Cupcake Blonde said...

The role of Jim is played by hottie John Krasiniski. He was also recently in "Dreamgirls" and "The Holiday," but this will be his first big main role in a film. You are so lucky! If you do get to meet him make sure to get a picture with him so I can drool. I absolutely adore him!

Congrats on getting the better part. Personally I think playing a bride would be difficult because it is hard to know how you would feel unless you have been through that day yourself. I have gotten married and I doubt I could recreate that feeling! :)

Uhm, if you are fat I must be a whale...

Unknown said...

yeah too bad on the bride gig, oh well, not meant to be...

As for the workouts, yeah! I'm stepping mine up for now, but I've gotten a few hits and ahve been busier with the job stuff...

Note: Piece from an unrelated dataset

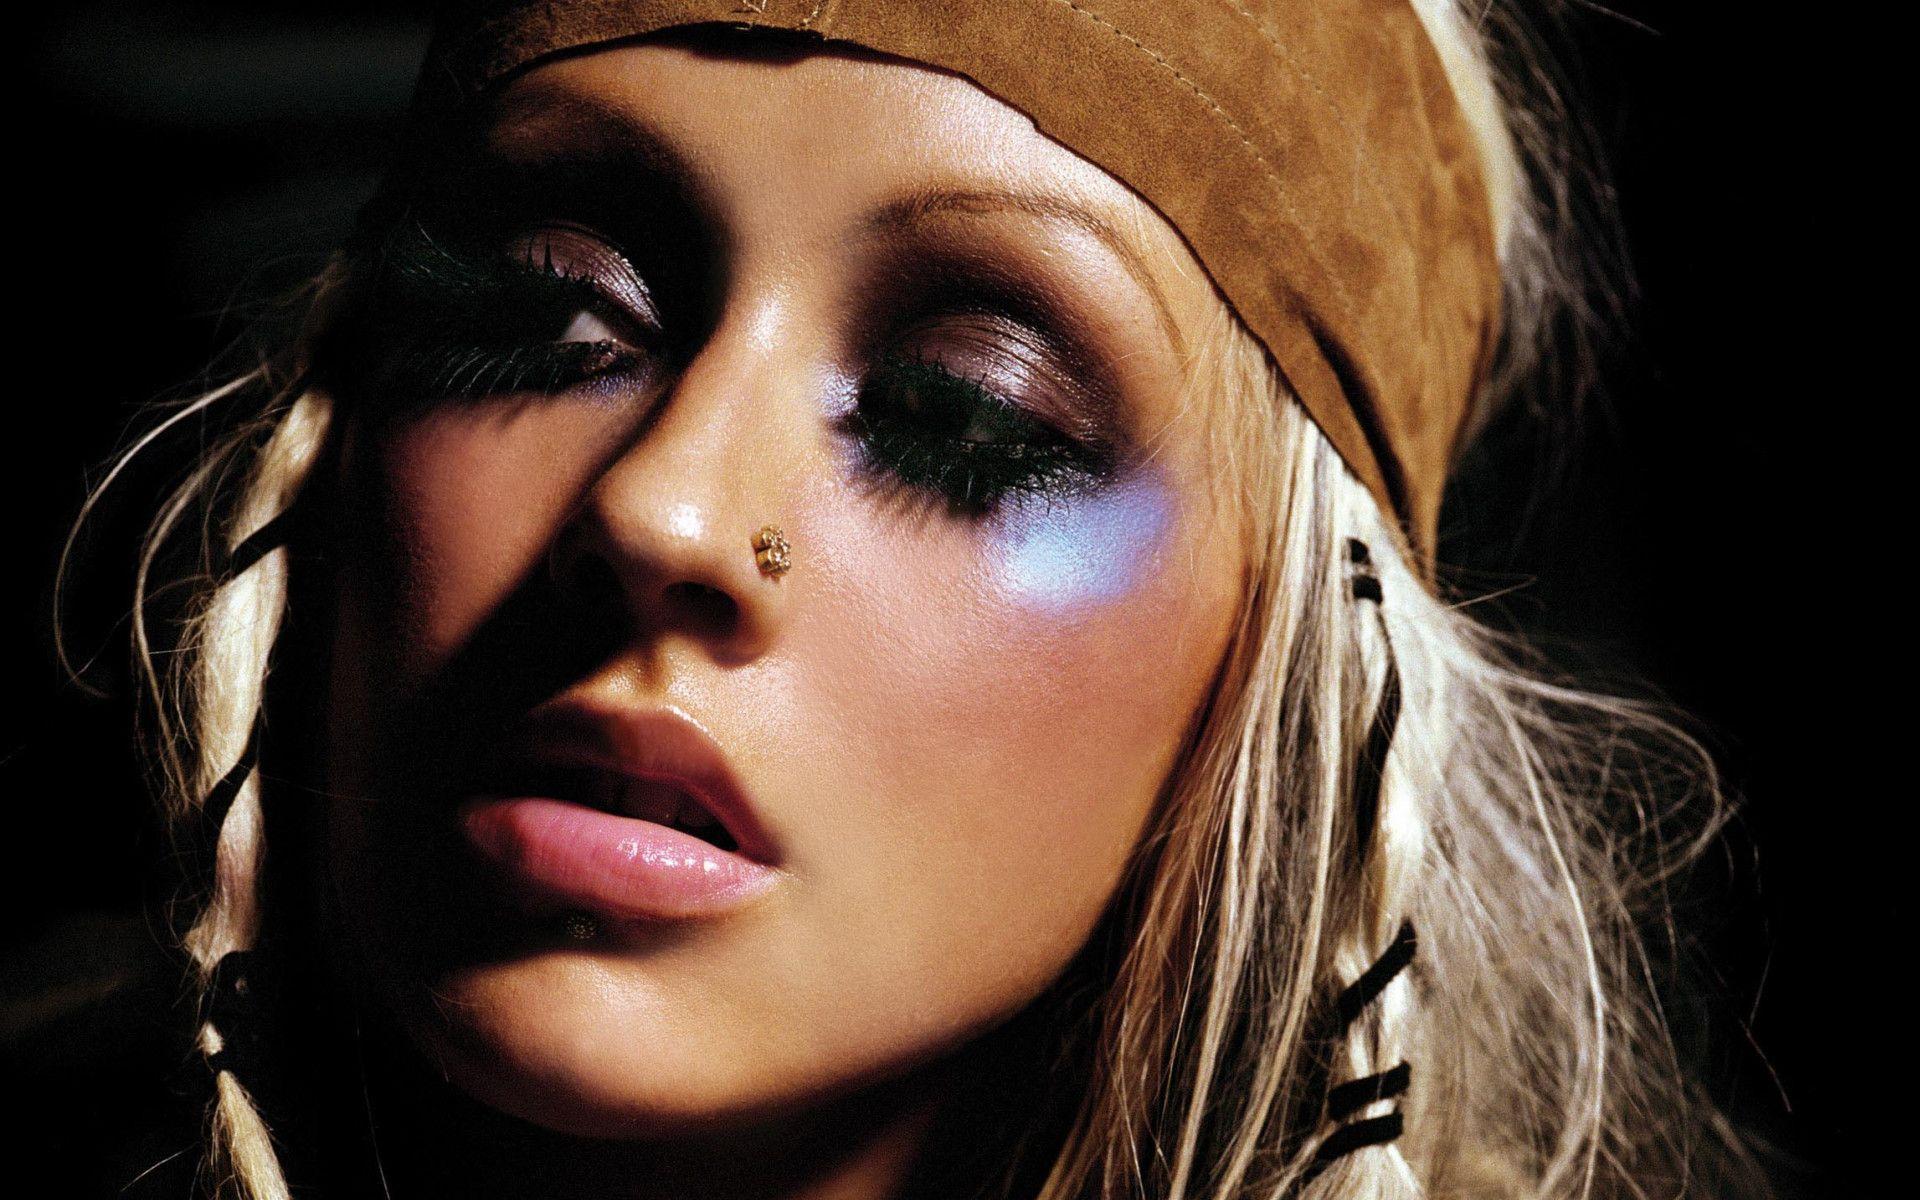 Beautiful Christina Aguilera Image 07. hdwallpaper
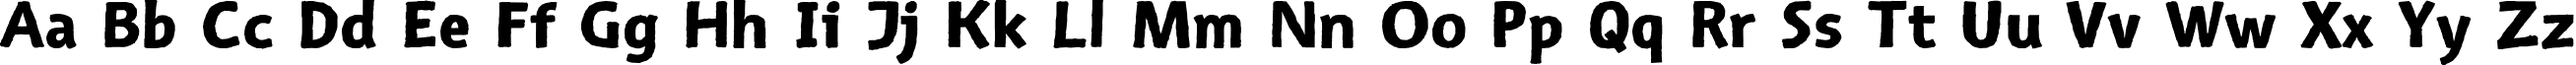 Пример написания английского алфавита шрифтом Nazhdak Bold

I'll keep you informed or maybe just email me since I've been so busy and haven't read blogs lately...

Swim meet tomorrow too!

Phil said...

Boo hiss to the bride.

Yay to the patron. All your research is paying off!

You learnt movie makeup? Like fake head wounds and monster stuff?

That is awesomely awesome.

amanda jane said...

you better find out Jim's real name... or it'll be an akward situation like when you saw....um.... STIFLER!! haha that's so funny... DO YOU REMEMBER?!?! uh.. my name's not stifler.. it's shaun

god I can't remember my password....

12th times a charm

Unknown said...

I joined a gym in an insane moment of wanting to get fit. I went to orientation. That's it.

BUT kudos to you for putting forth the effort.

Being the bride is totally overrated! No one pays attention to the bride. Seriously.

Wanderlusting said...

Vegas - Yeah it might be jinxing it a little anyway. HELL I'm already jinxed so I guess it doesn't matter.

Expat - I suppose I'll find out why it's not meant to be...or I might not. But I try and believe that. Good for you, getting into shape is hard, especially in this weather.

Phil - Not so much special effects makeup, but I can do a pretty mean black eye...even without punching the person in the face.

AJ - ha, thanks for reminding me! Poor Stifler.

Charmschool - It might be overrated but it was probably my only chance to wear the white dress. Oh well...some people are not cut out to be a bride.